Rain over Romsdalsfjord
This is Romsdalsfjord, the main fjord that runs through the town. This image truly captures the wild weather through this region, which can be unpredictable and beautiful. I took this on a day where it had been raining non-stop, which isn’t all that uncommon because the clouds seem to get trapped along the mountains in the valleys. As the late summer sunset was approaching, I noticed the storm blowing over as it passed the mountains. I jumped in my car and headed down to the fjord. As soon as I arrived, the light seemed to explode, twisting and turning around the angry clouds as they passed. The now-distant rain lit up beautifully as the sun broke out. I noticed a nice curve in the sky’s lighting, and I tried to quickly compose an image that would make the eye follow this curve through the image. I always strive to make the eye travel through the photo with compositional elements. It’s an important element in creating an image. And in a place with vast views like Norway, sometimes it can be difficult to simplify your image. So take your time evaluating a scene before you set up. I took this photo with a Canon 6d and Canon ef 17-40mm lens. I really spent a lot of time processing the image. The wide variety of light, tone, and color really threw my camera sensor for a ride. I worked with the raw image in Adobe Lightroom to fine tune the white balance, levels, and adding contrast. In Photoshop, I worked with multiple layers to tweak the levels in the dark areas, and I used luminosity masks to adjust the color balance between the lights and the darks. I used a mild Orton Effect to soften the sky a bit, and really show how much the scene glowed.
That Magic Light
Innfjorden is an even smaller town, about twenty minutes away from Åndalsnes. Innfjorden is a picturesque place with tall, sloped peaks on either side to stand guard over the valley and town below. It’s a good area to explore with small rivers and many good hikes to go on. This image was taken on the peak Nøsa. It took me about one and a half hours to get up. I got up late in the evening just as the sun was dipping below the neighboring mountains. Since it was close to midsummer’s in mid-June, the sun didn’t set until 11:20 p.m.

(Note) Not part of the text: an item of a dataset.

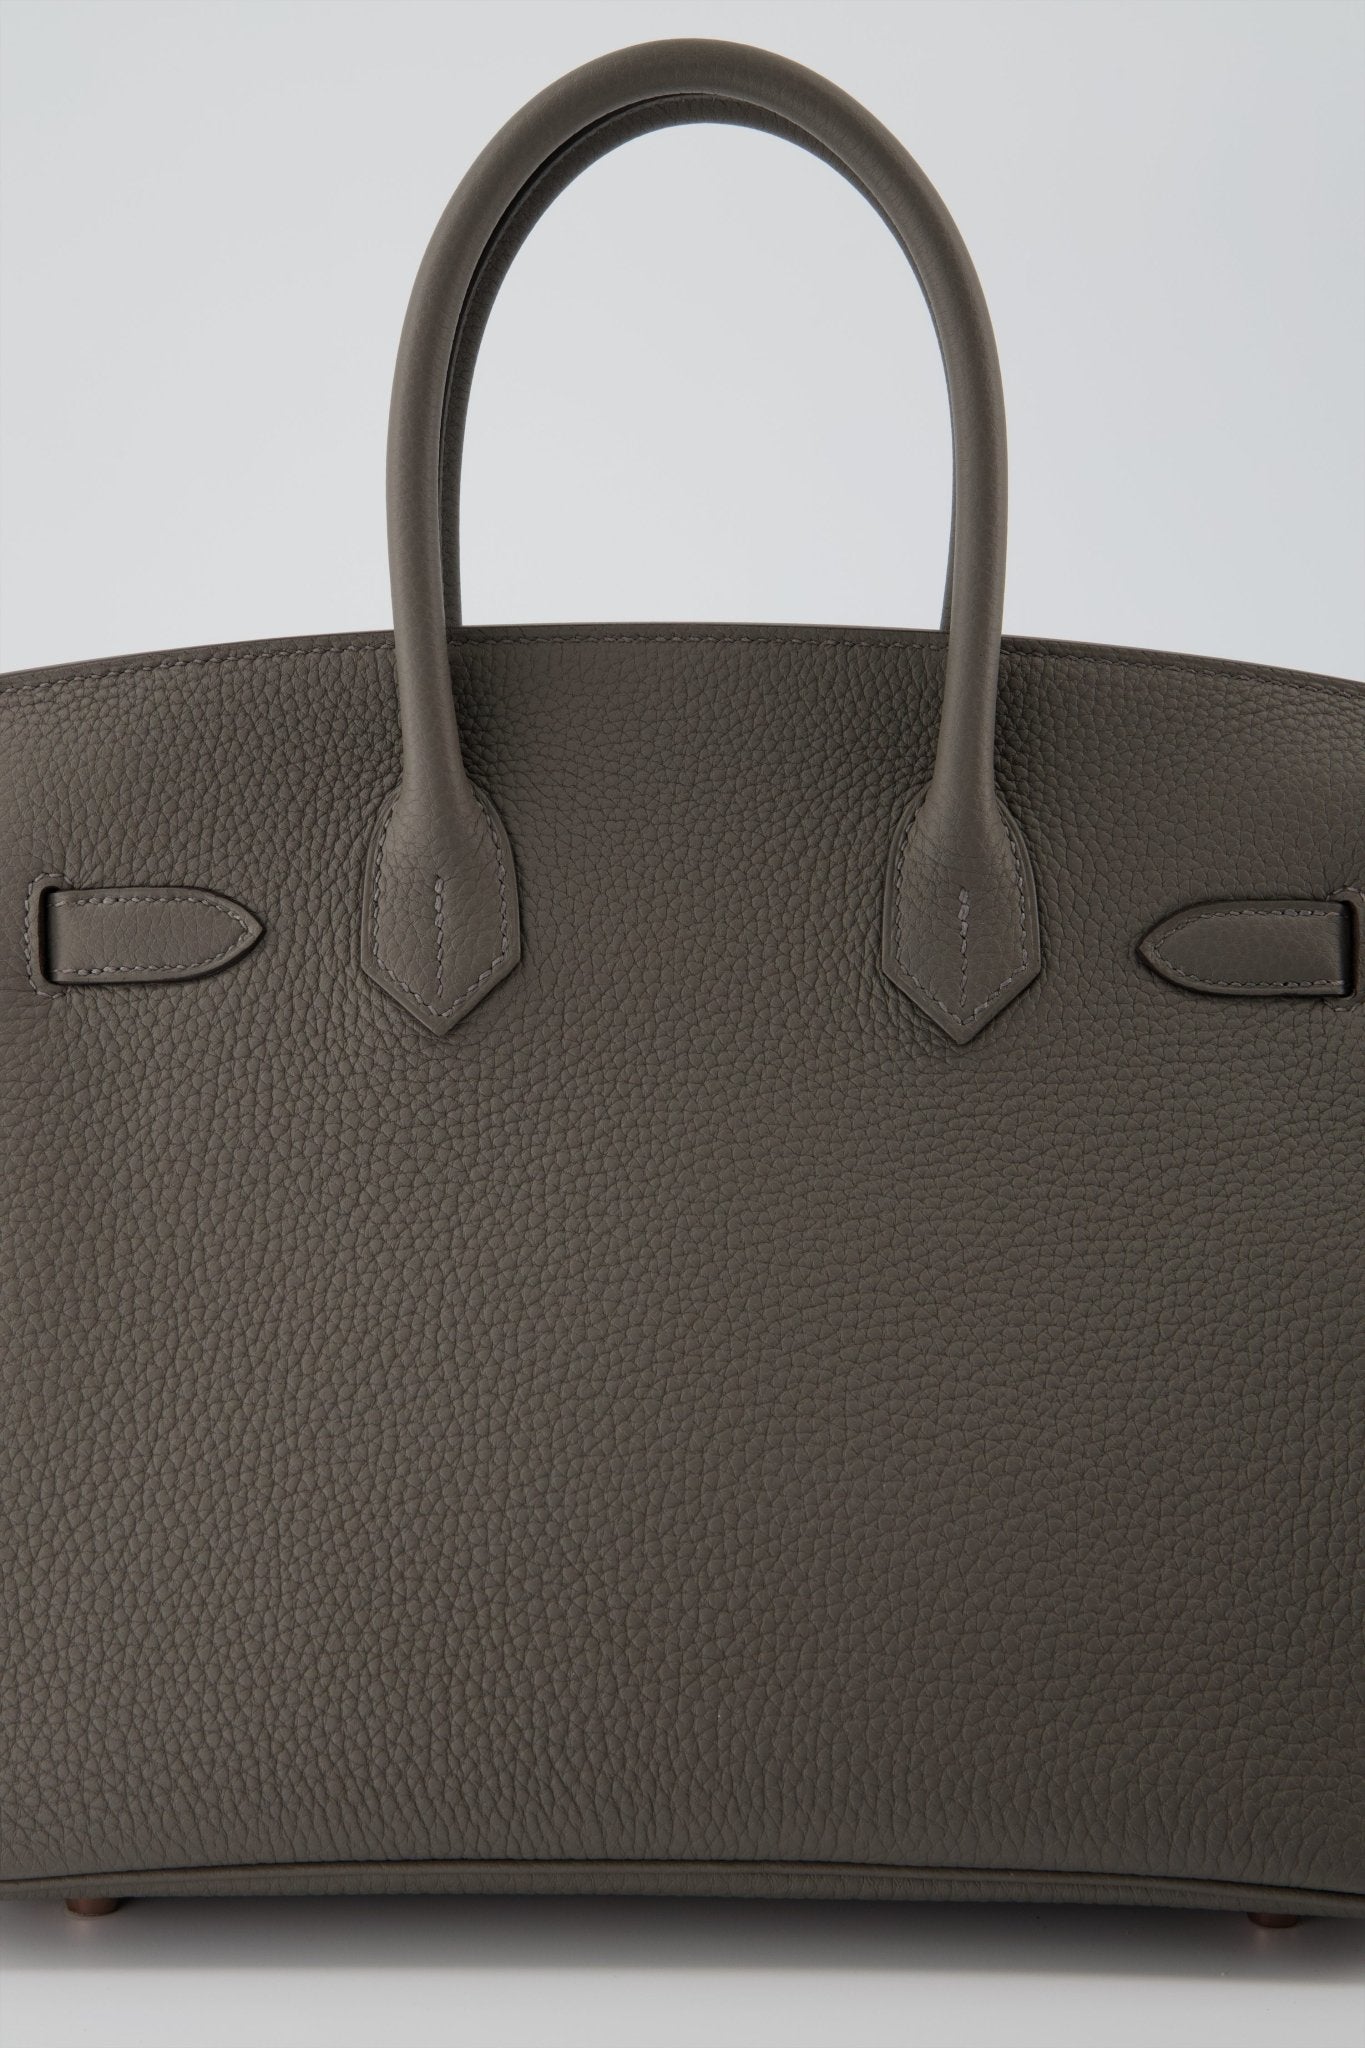 Hermès - Birkin 30 - Etain - Brand New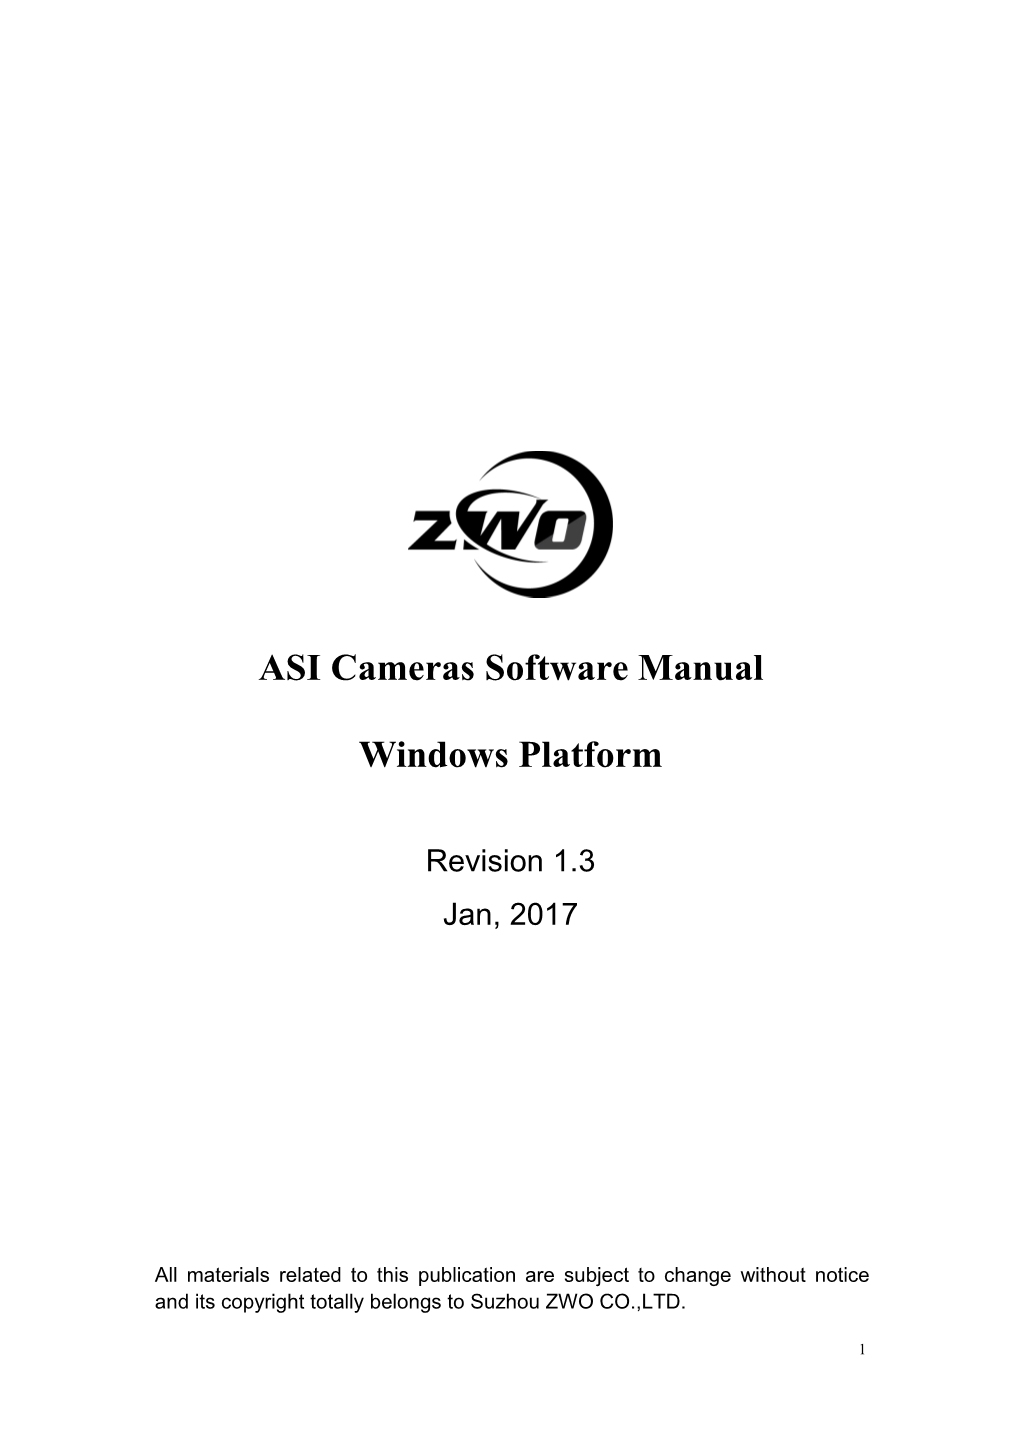 ASI Cameras Software Manual Windows Platform

It’s a great time to be shooting because the light and colors last for a solid two hours when the conditions are right. Below, you can see the fjord stretching off Romsdalfjord. Across the mountain, Gridsetskolten sits, towering over with a sheer vertical drop. Gridsetskolten is used for the World Base Jumping event that happens every year at the end of July. This is a pretty straightforward photo. I just wanted to fill the frame with the scene before me. I used a cliff off Nøsa as a small counterpoint to the mountains across the fjord. I waited until the light shot straight through the frame and lit up the side of the mountains across the fjord. In post-processing on Adobe Photosho, I used dodging and burning techniques with luminosity masks to really fine tune some of the detail through the image. This image represents the countryside of Western Norway well—a small farm town in the valley along the fjord surrounded by mountains.